Nothing but the pictures may be dropped; the rest of the listing is to be written out exactly.

■ The data:
>>>>
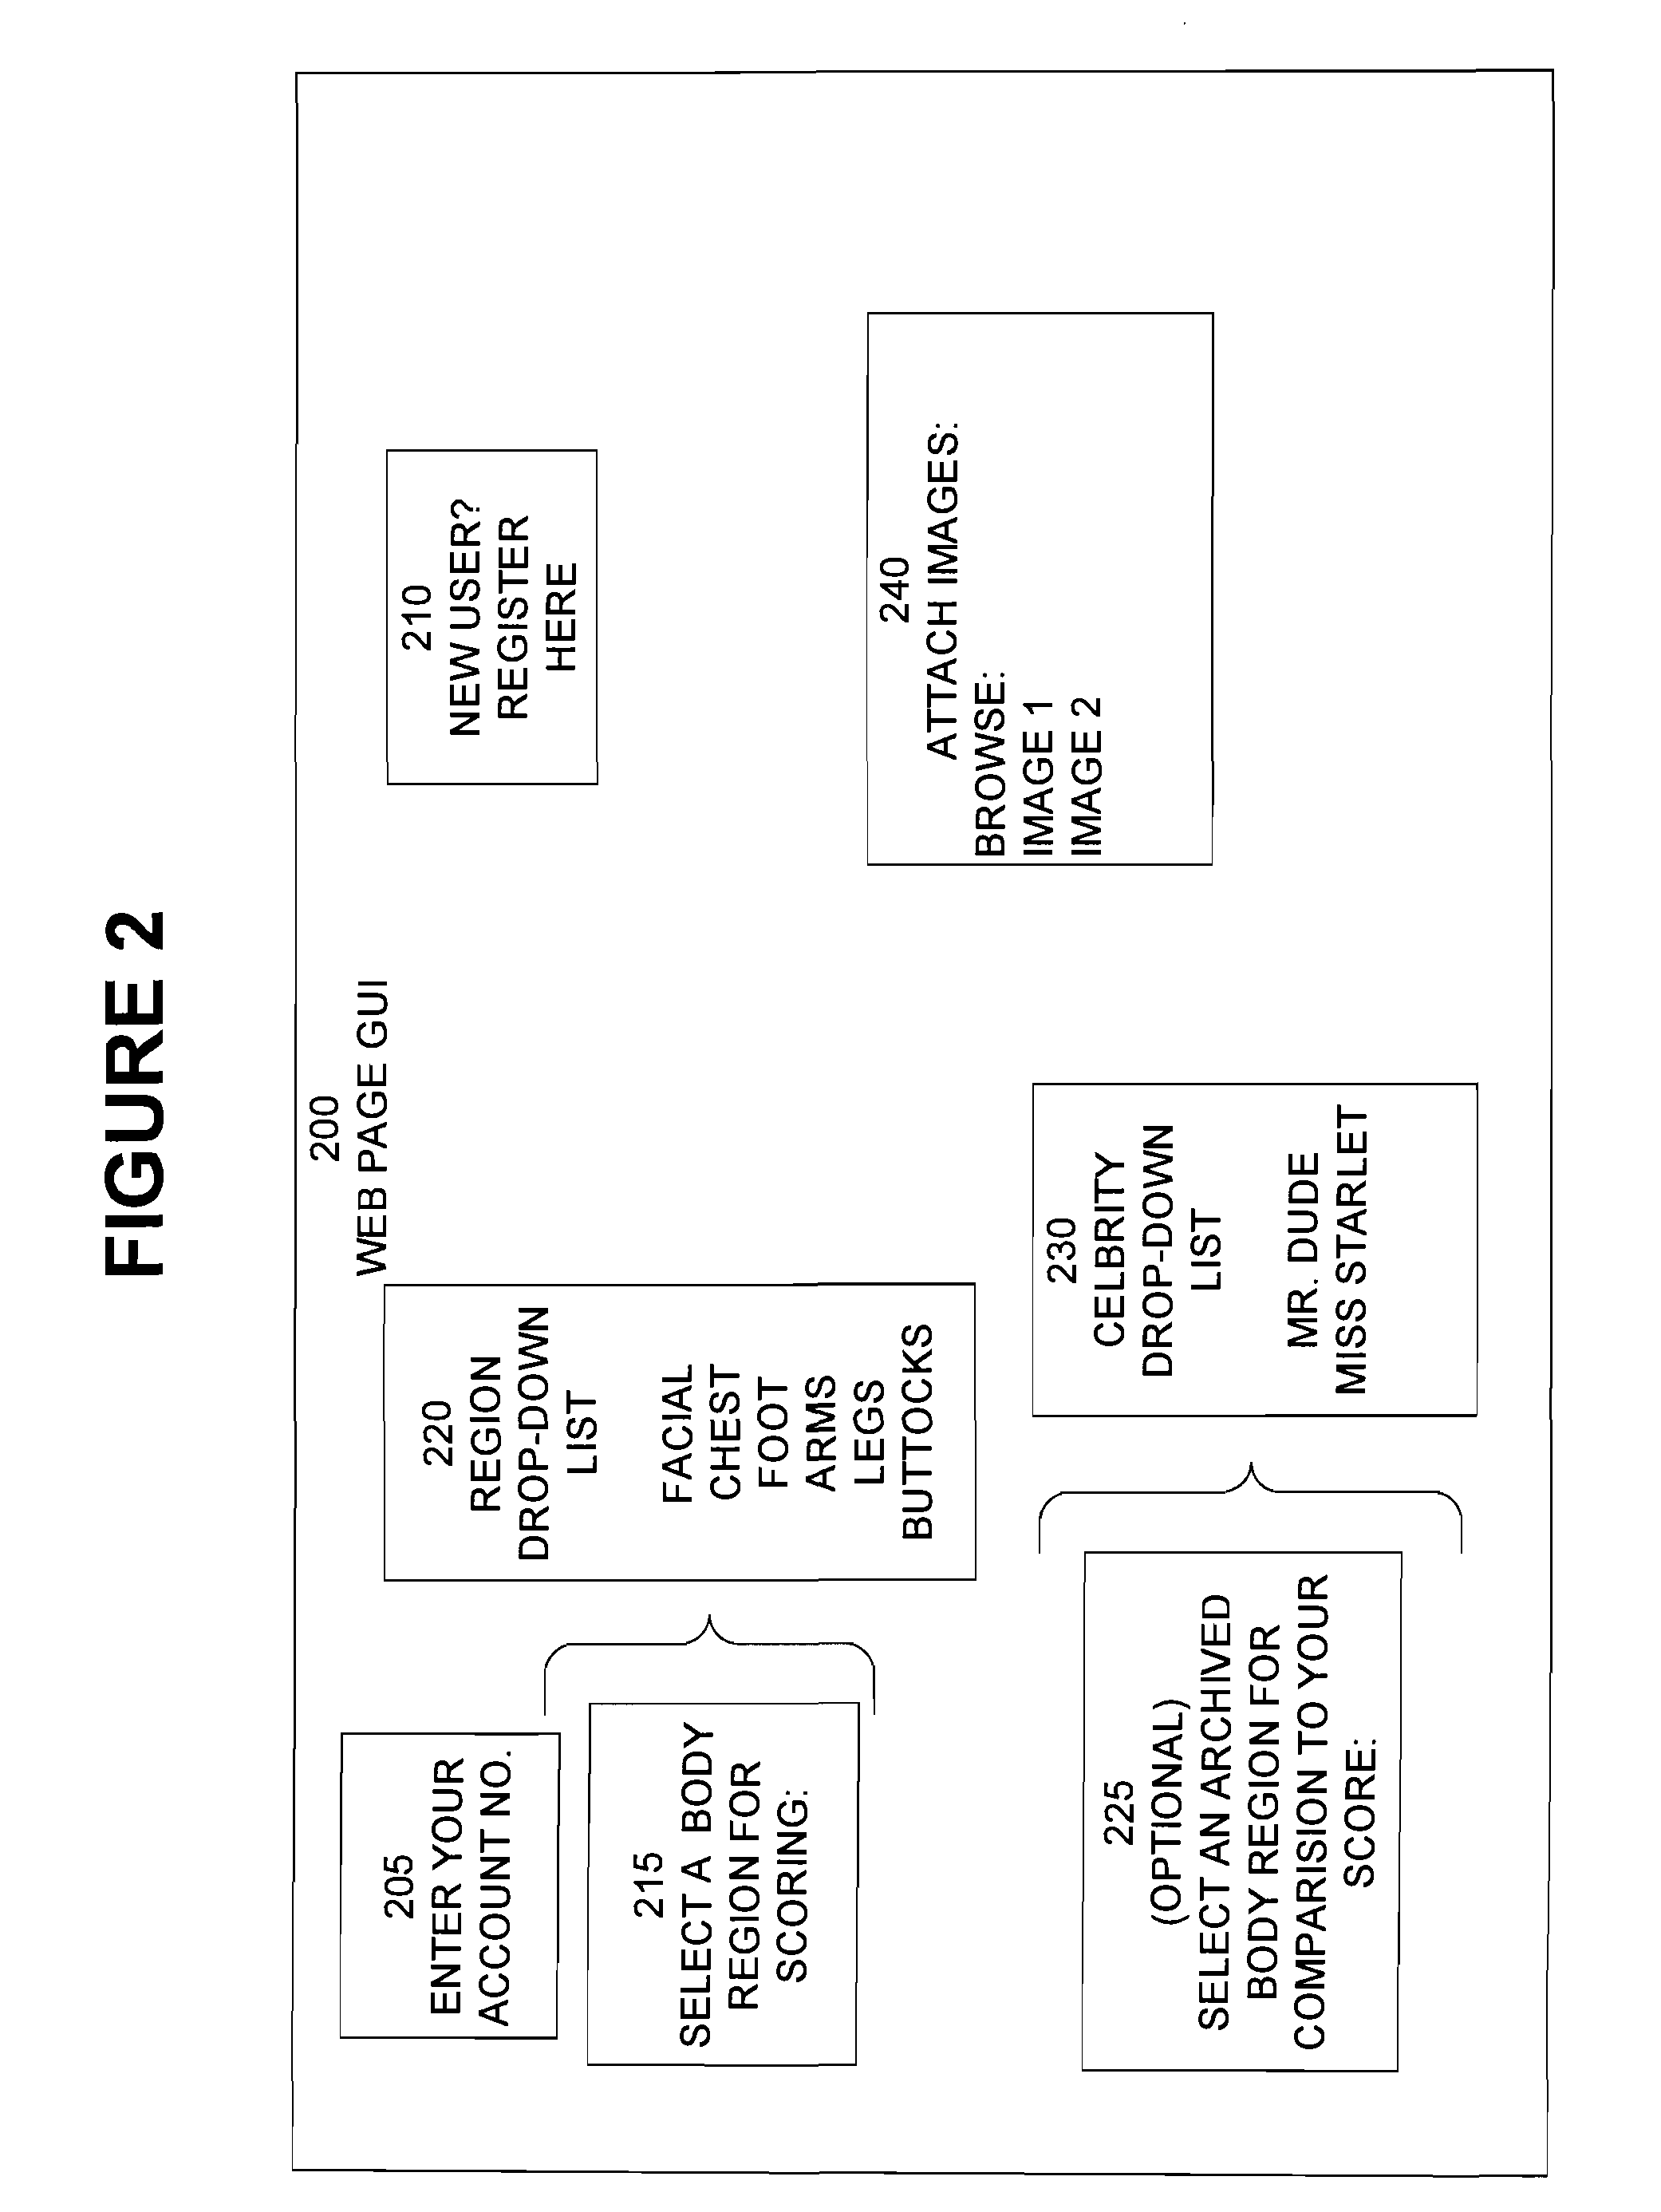 System and Method for Determining an Objective Measure of Human Beauty
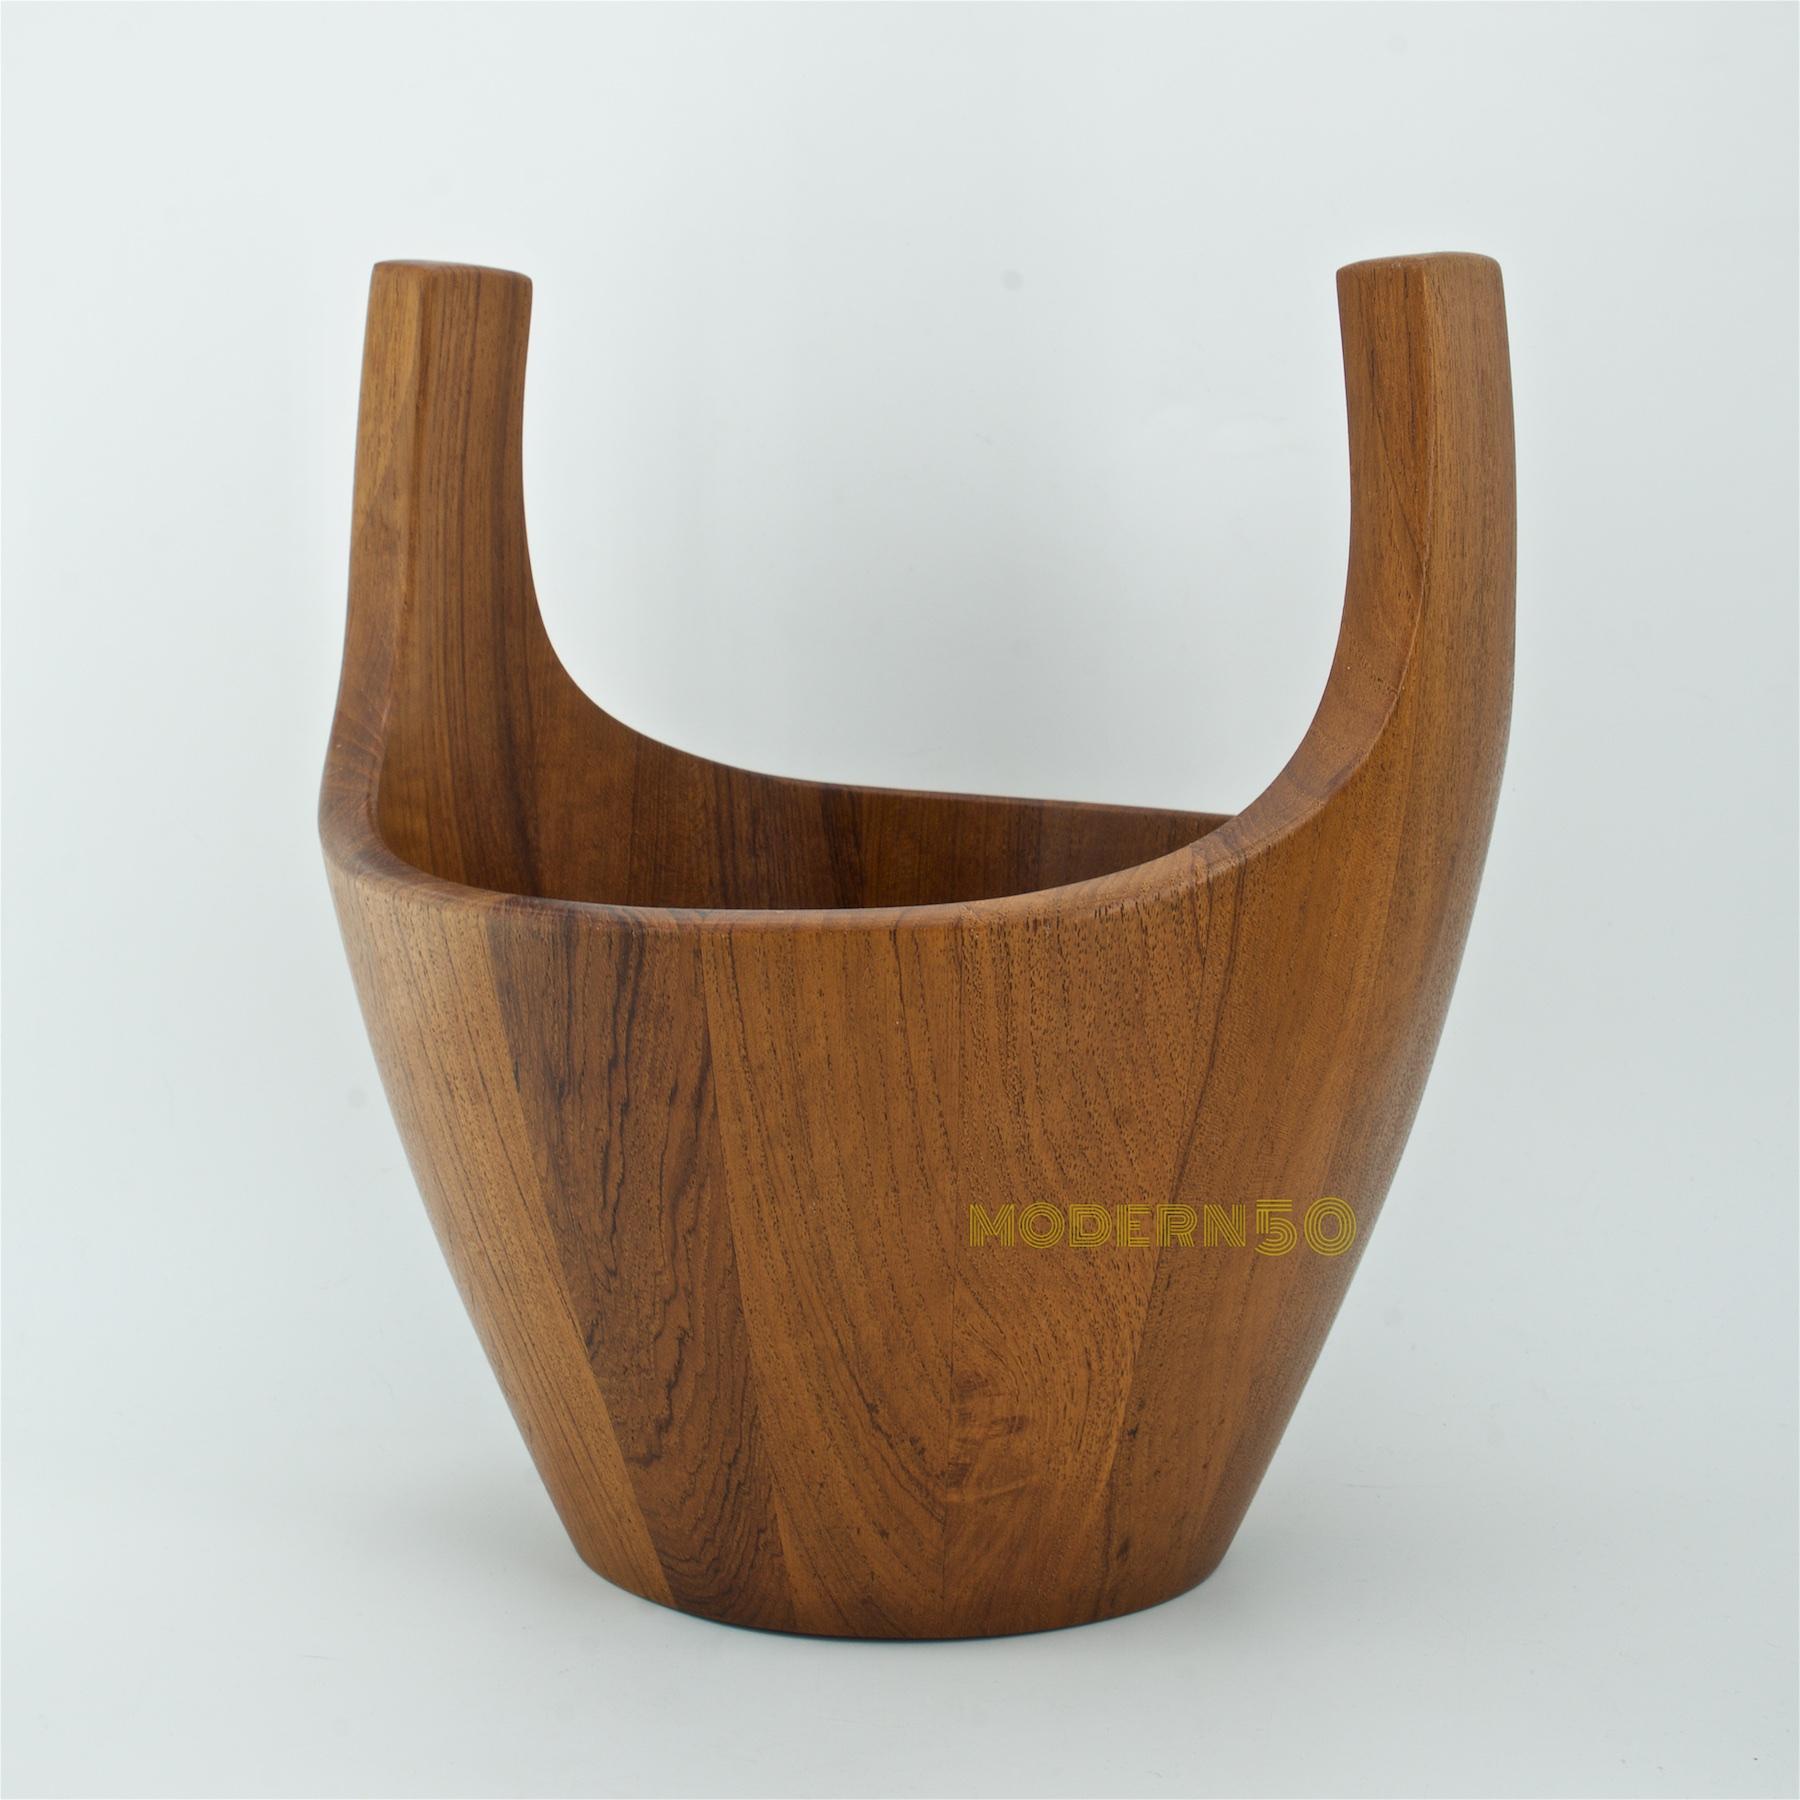 Denmark, circa 1950s. Staved teak bowl designed by Jens Quistgaard for Dansk. A midcentury re-interpretation of the traditional wooden Quaich. Measures: 10 5/8 inches high, 10 inches wide, 9 1/2 inches deep. Branded mark on underside, three duck
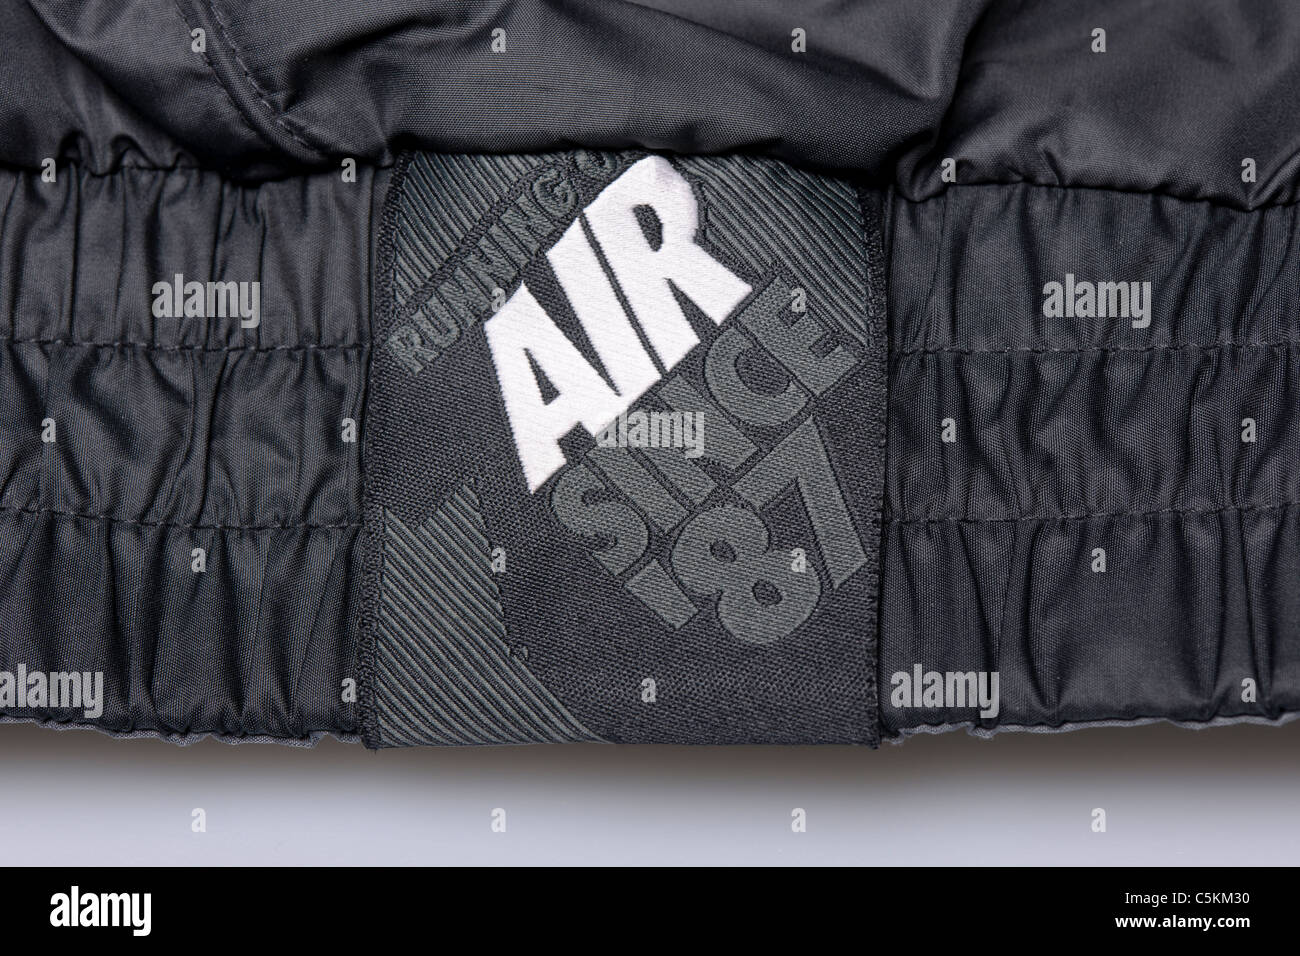 Nike Air men's windrunner sportswear rain jacket. Reversible black with  detail one side, grey the other. Badge detail Stock Photo - Alamy
<<<<
■ Solution to this problem:
 System and Method for Determining an Objective Measure of Human Beauty
 Denmark, circa 1950s. Staved teak bowl designed by Jens Quistgaard for Dansk. A midcentury re-interpretation of the traditional wooden Quaich. Measures: 10 5/8 inches high, 10 inches wide, 9 1/2 inches deep. Branded mark on underside, three duck
 Nike Air men's windrunner sportswear rain jacket. Reversible black with  detail one side, grey the other. Badge detail Stock Photo - Alamy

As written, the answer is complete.